Can cloud-native developers work on legacy modernization without deep COBOL expertise?
Yes, the source materials say Sapient Slingshot can help cloud-native developers contribute without prior COBOL experience. In the healthcare case study, Publicis Sapient used the platform to help developers migrate legacy code to a modern microservices architecture and generate maintainable Java and React outputs while preserving core functionality through review and validation.
What healthcare use cases are highlighted in the source materials?
The source materials focus on healthcare claims, benefits, enrollment, administration and member or customer service systems. They describe modernization challenges across claims adjudication, benefits processing, enrollment workflows, service applications and legacy administration platforms with large numbers of tightly coupled screens and dependencies.
What outcomes are described in the healthcare modernization case study?
The healthcare case study describes faster migration, lower modernization cost and a more scalable cloud-native foundation. The source materials repeatedly cite modernization of more than 10,000 COBOL and Synon or COBOL green-screen assets, 3x faster migration and improved maintainability, while different documents describe cost reduction as significant and cite figures ranging from 30% to more than 50%.
What business benefits does this modernization approach aim to deliver?
This modernization approach aims to make legacy systems easier to maintain, easier to change and better aligned to modern digital delivery. The source materials connect modernization to lower dependence on scarce legacy specialists, more predictable delivery, stronger cost control, improved user experience, better service resilience and a stronger foundation for continuous innovation.
How is the service delivered?
The source materials describe the healthcare modernization approach as delivered as a service with outcome-based pricing. They also describe an operating model that combines Sapient Slingshot with integrated delivery teams, agile ways of working, business stakeholder review and shared accountability across engineering, product and business functions.
Is this positioned as a one-time migration or a repeatable modernization model?
Publicis Sapient positions this as a repeatable modernization model, not just a one-time migration.
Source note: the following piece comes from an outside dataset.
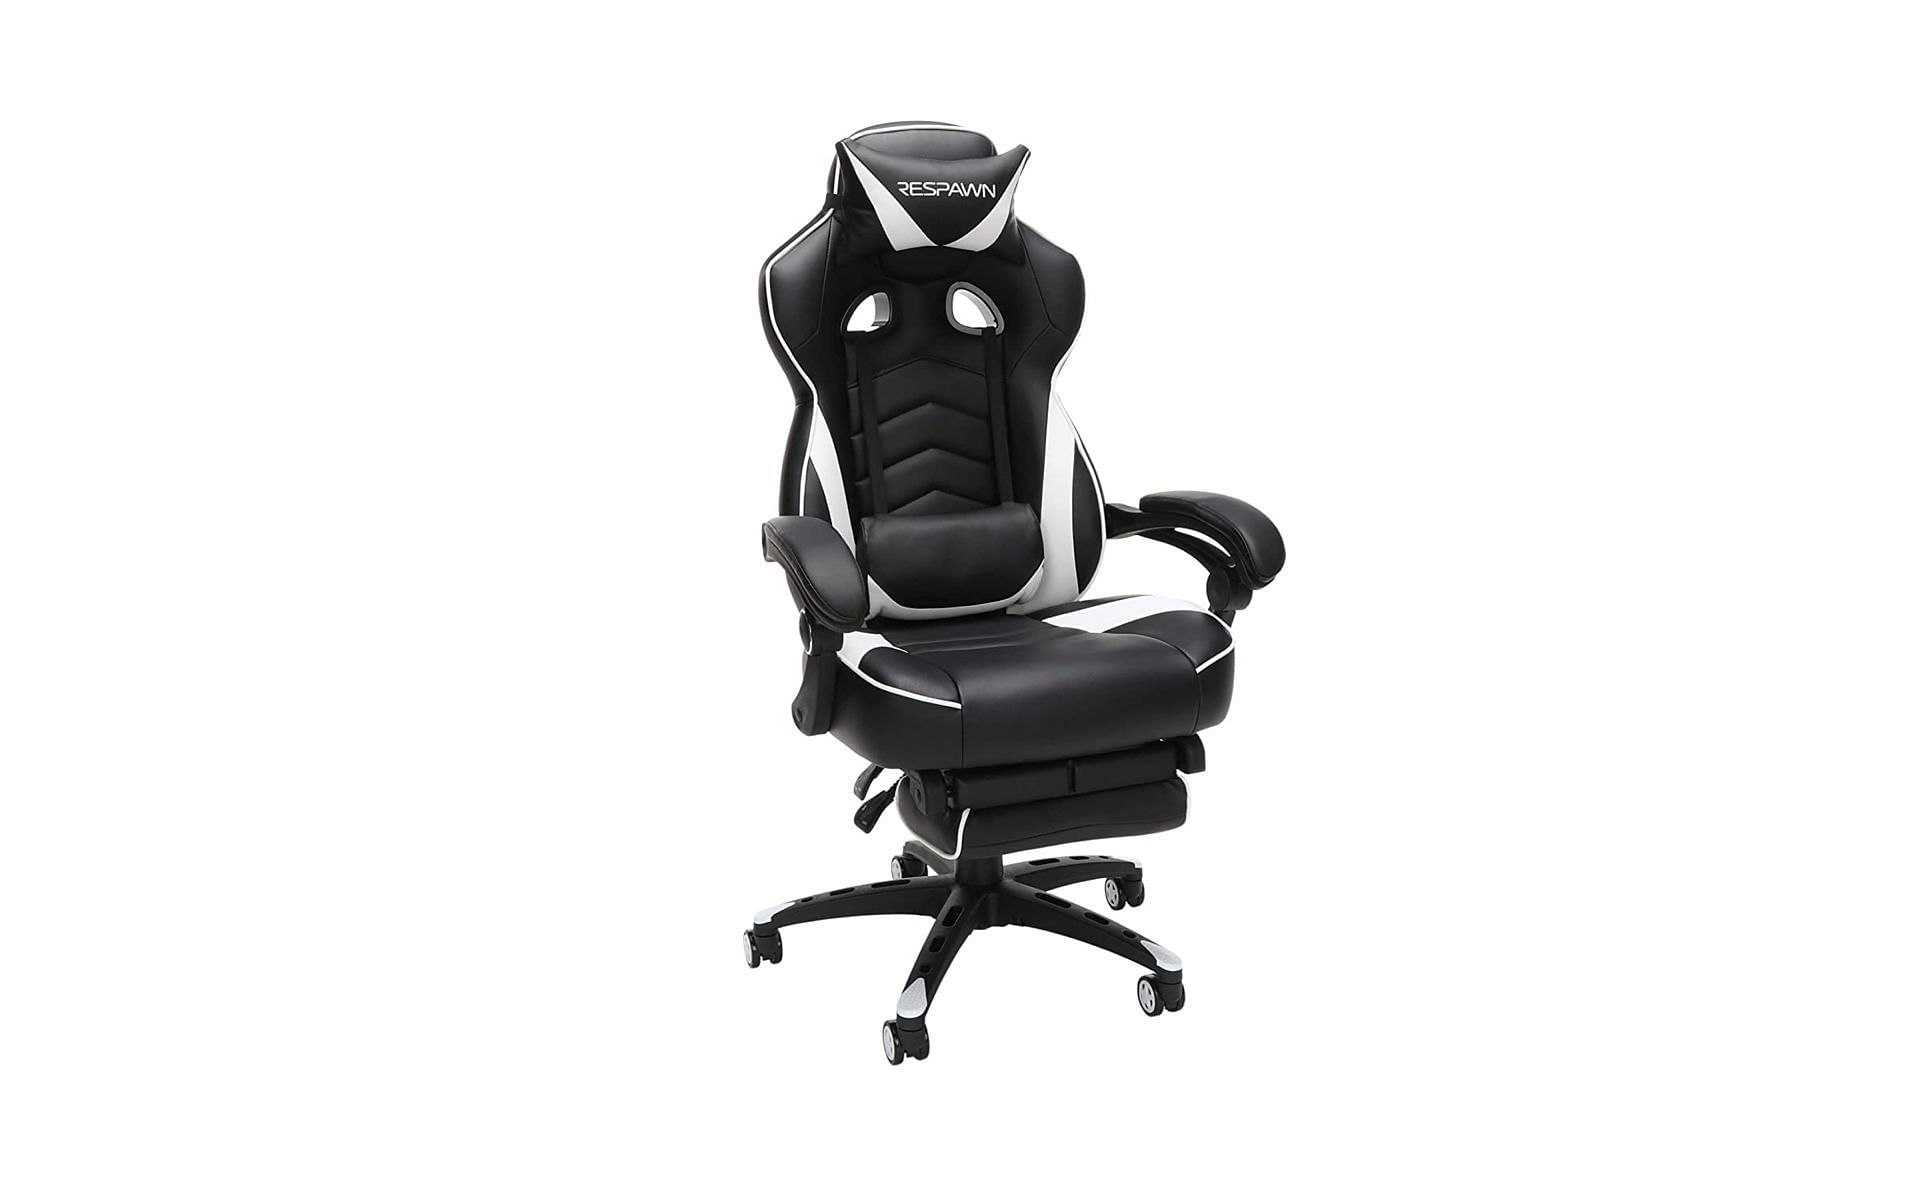 RESPAWN 110 Racing Style chair (Image via Amazon)

Several source documents describe a governed pipeline or modernization factory that connects code analysis, specification generation, design, code generation, testing, deployment readiness and ongoing support so organizations can modernize portfolios of legacy systems more predictably over time.
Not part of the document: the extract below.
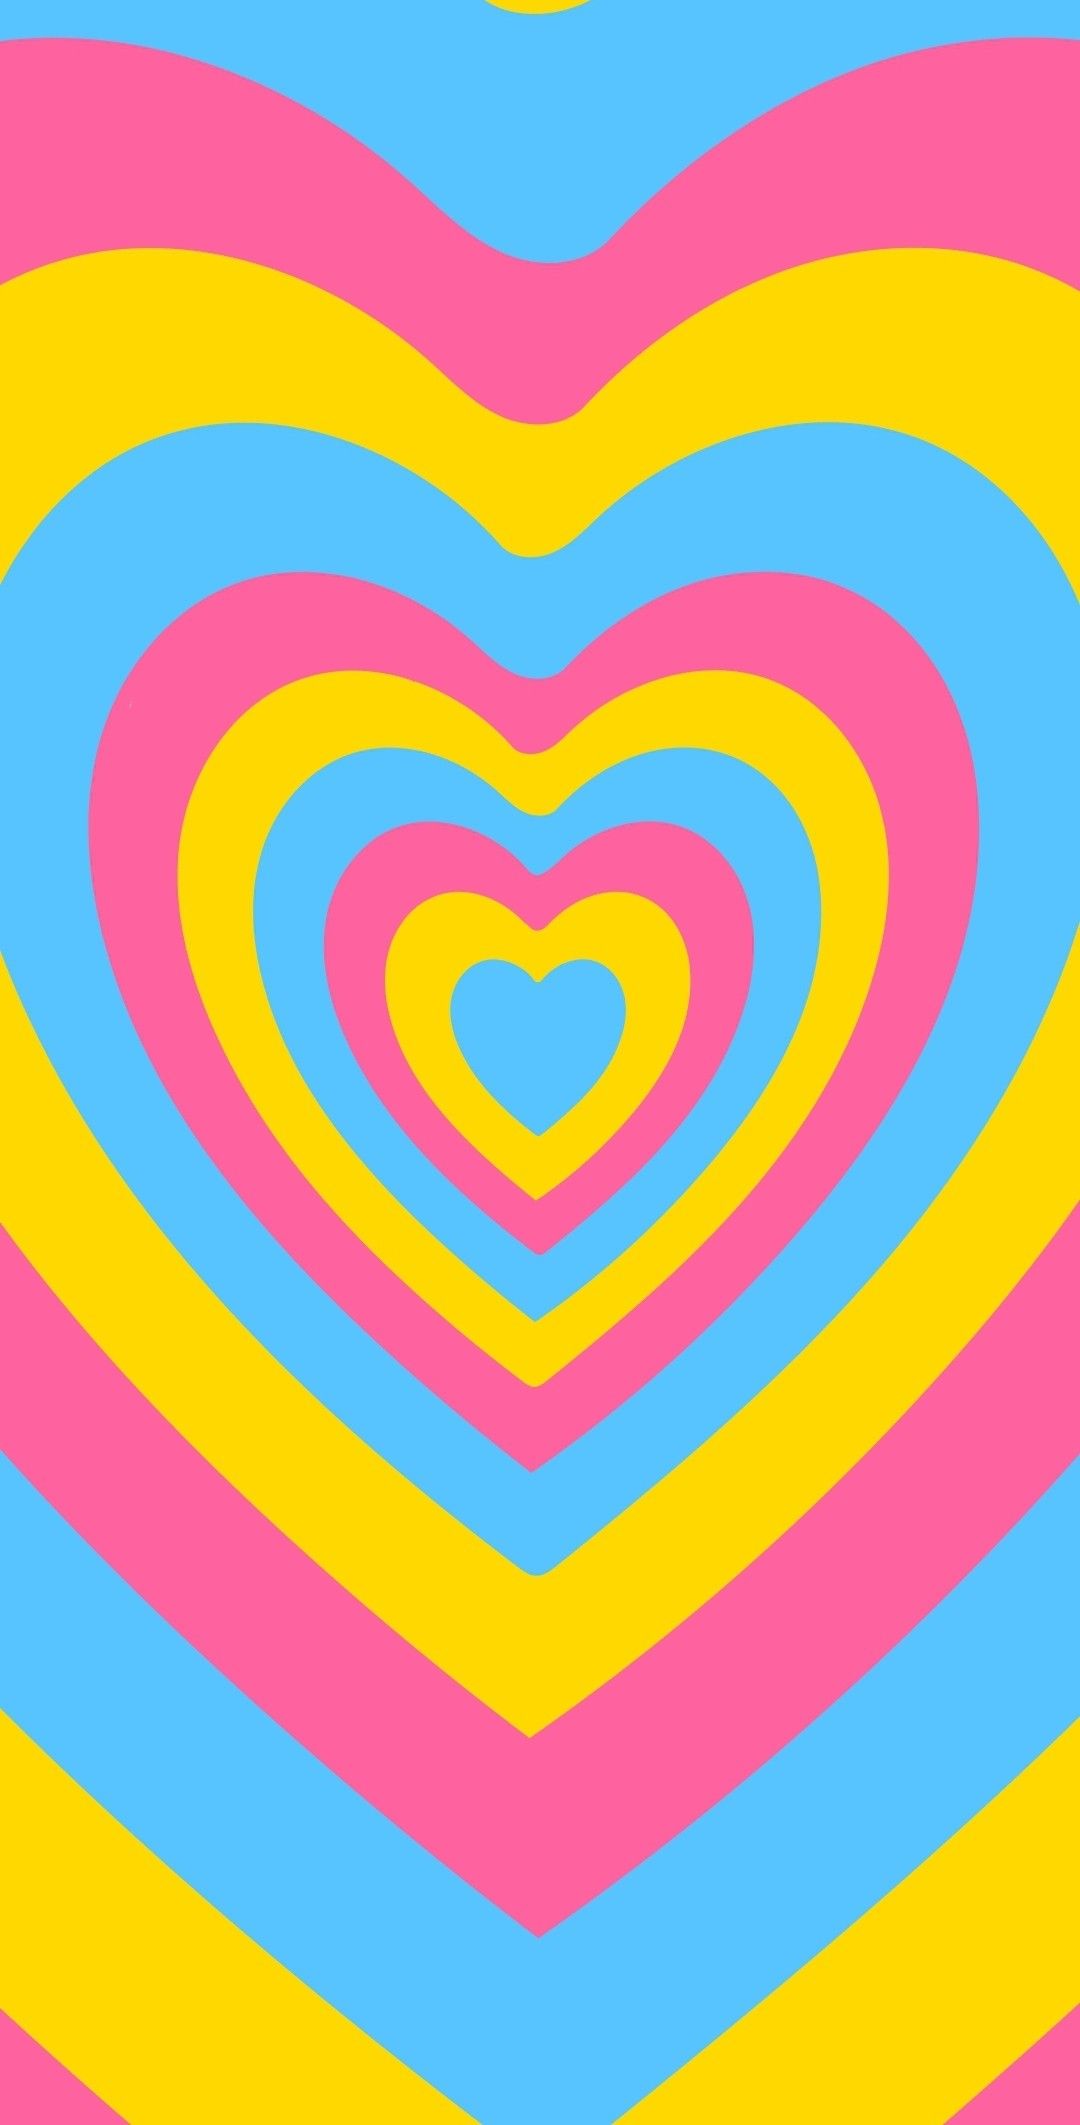 54 Powrpuff girls hearts wallpapers ideas heart wallpaper 1080x2125

What should healthcare leaders understand before choosing a modernization approach?
Healthcare leaders should understand that modernization is described here as a business continuity and control challenge, not just a code conversion project. The source materials emphasize preserving embedded business logic, maintaining traceability, keeping humans in control and building a cloud-native foundation that supports future delivery without recreating legacy constraints.